Dealing with perfectionism and high-functioning anxiety
No matter the mental health issues or complicated situations you may be dealing with, it's always important to know what it is that's going on rather than suffering mysteriously. The first step in dealing with perfectionism and/or high-functioning anxiety is knowing what you are suffering from. Like other anxiety disorders, those with high-functioning anxiety can find support and help via therapy and other lifestyle changes, per Banner Health. Setting up a routine, getting enough sleep, and exercising are small and simple ways to improve your anxiety enough to the point where you can succeed.
If you're looking to combat your perfectionism, you may want to start by setting realistic goals and expectations for yourself.

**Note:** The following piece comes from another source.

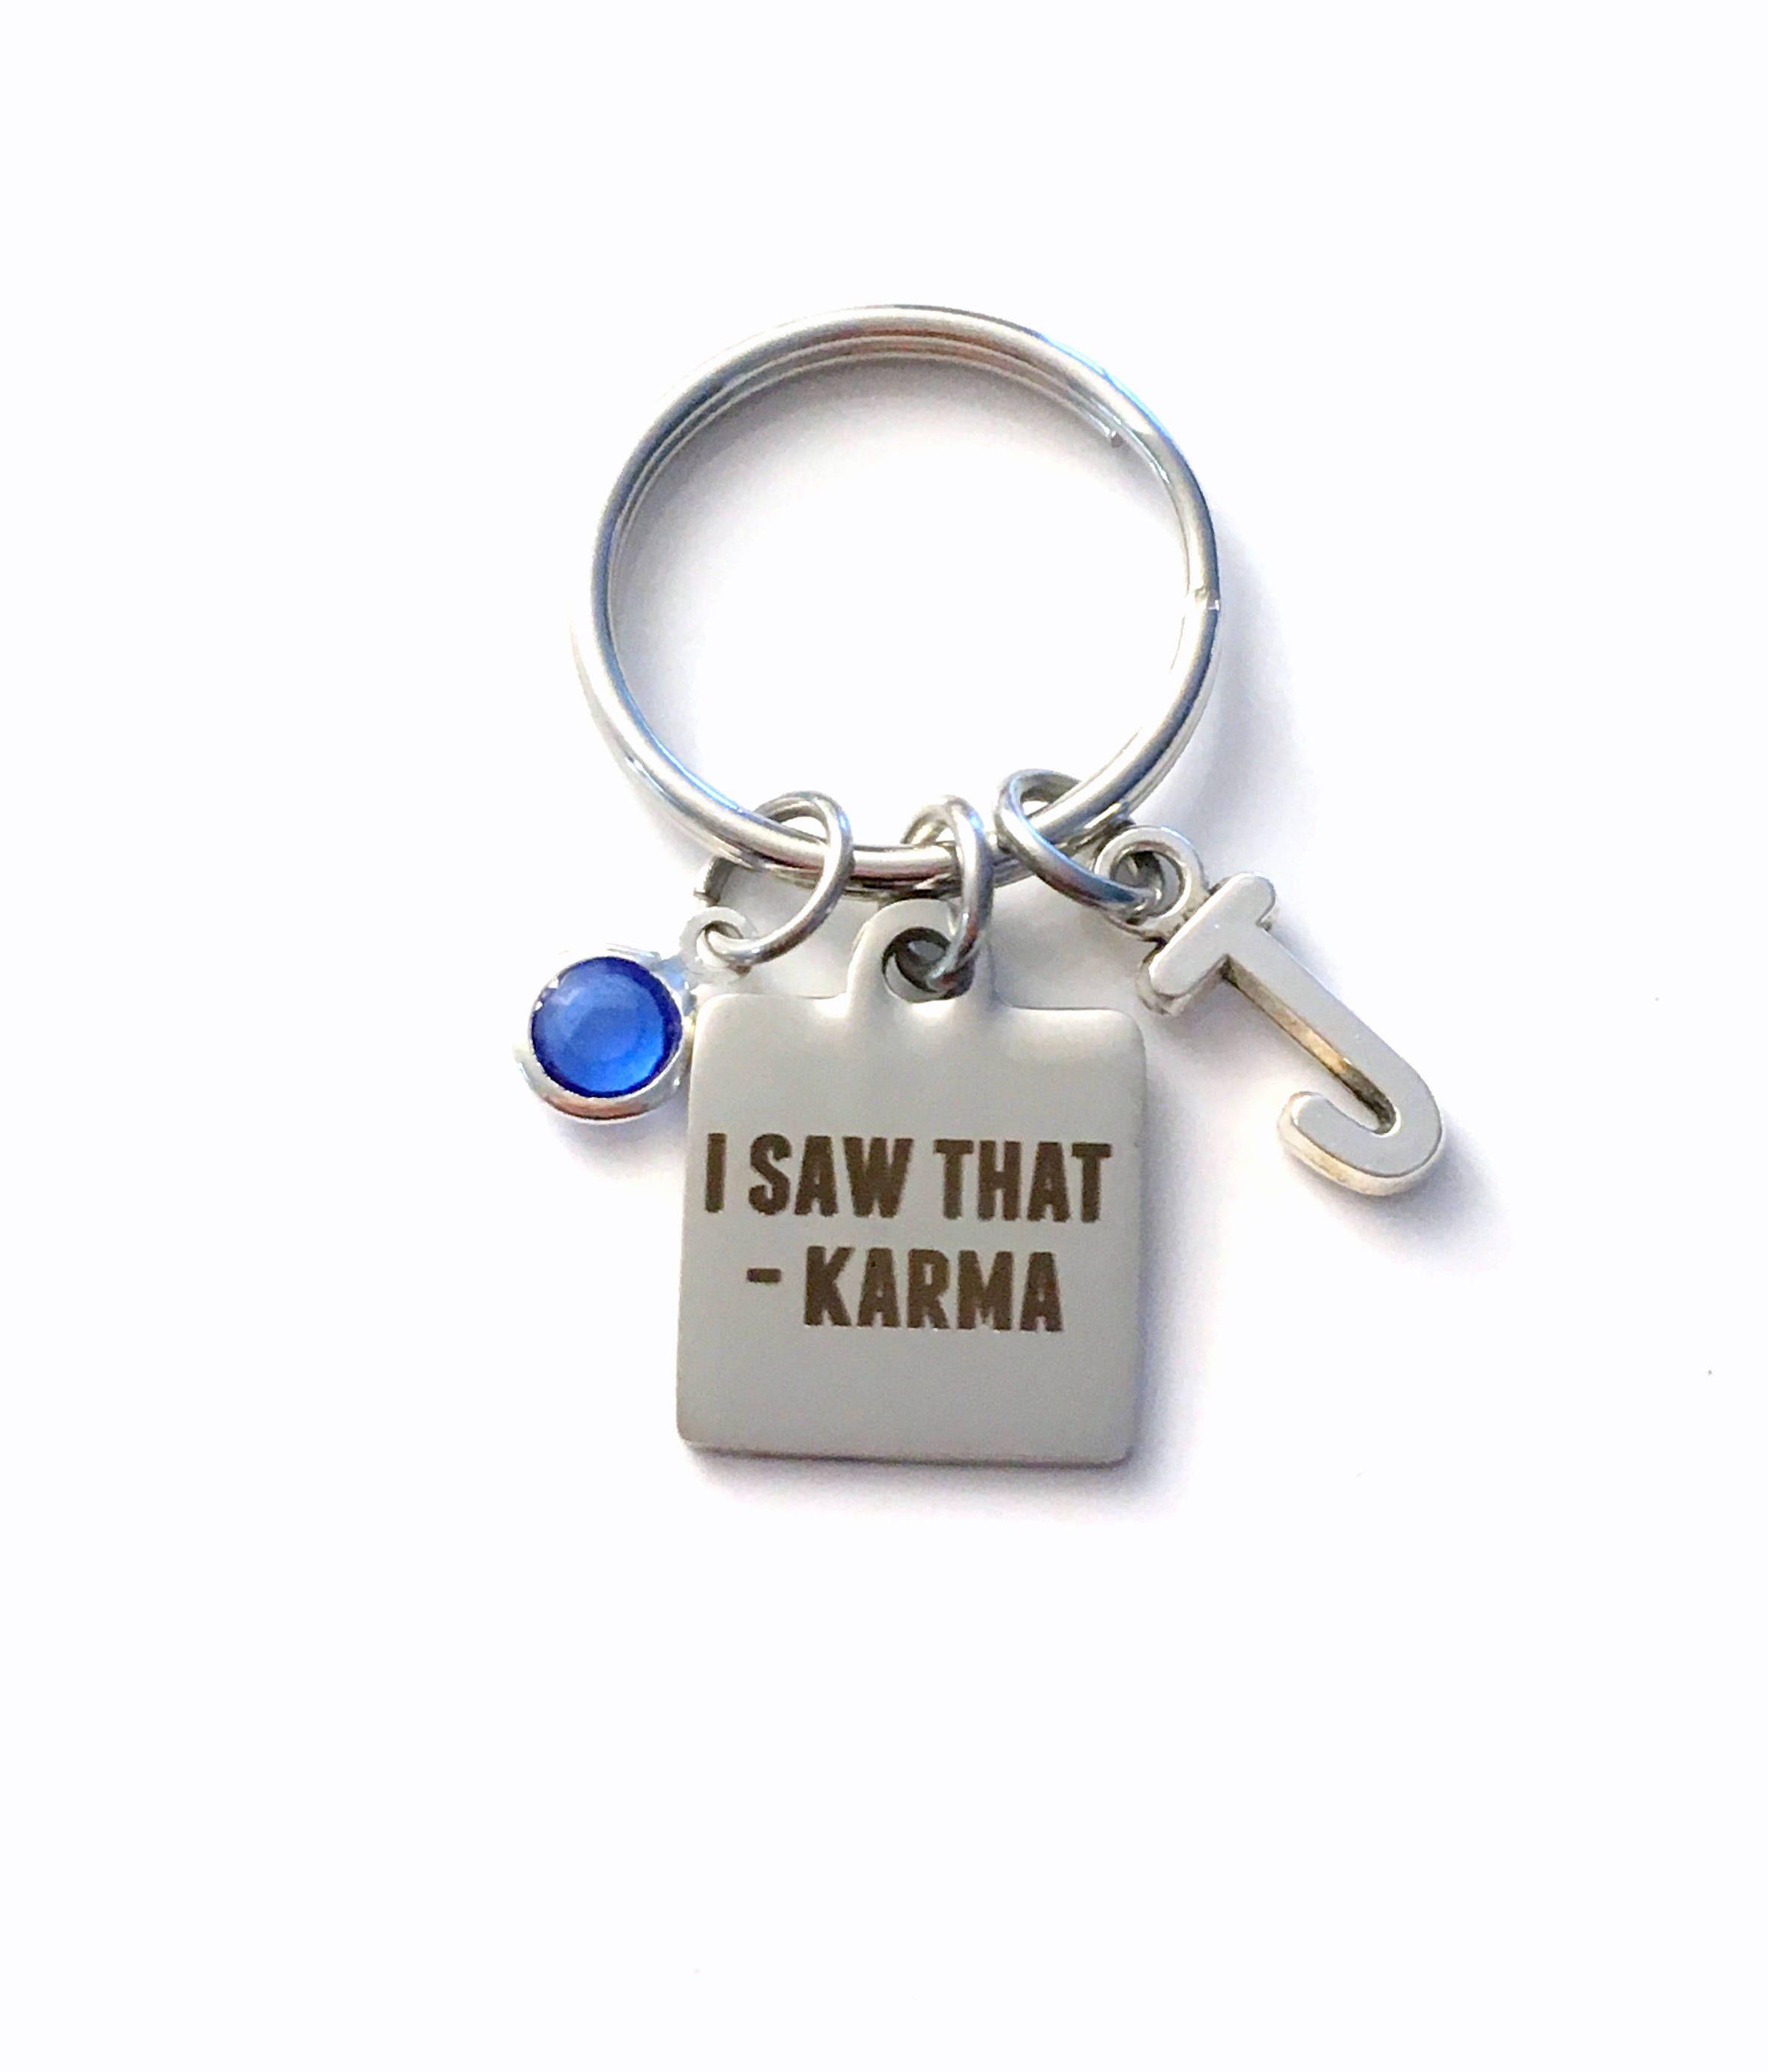 I Saw That Karma Keychain Gift For Best Friend Key Chain Quote

After all, perfectionism can start to take over when you set unrealistic standards for yourself that can't be met at a reasonable time. "Even if someone with high functioning anxiety has higher levels of perfectionism, as long as they view themselves with self-compassion and remember that they have opportunities to learn and improve, they can avoid the more maladaptive forms of perfectionism," Lindsey Bass exclusively explains to Glam. You can also utilize resources like therapy to help come down to the root of your perfectionism and the emotions behind it, according to Oregon Counseling. "It may sound simpler than it is, but with practice and support, people with either maladaptive perfectionism and/or high-functioning anxiety can thrive," concludes Bass.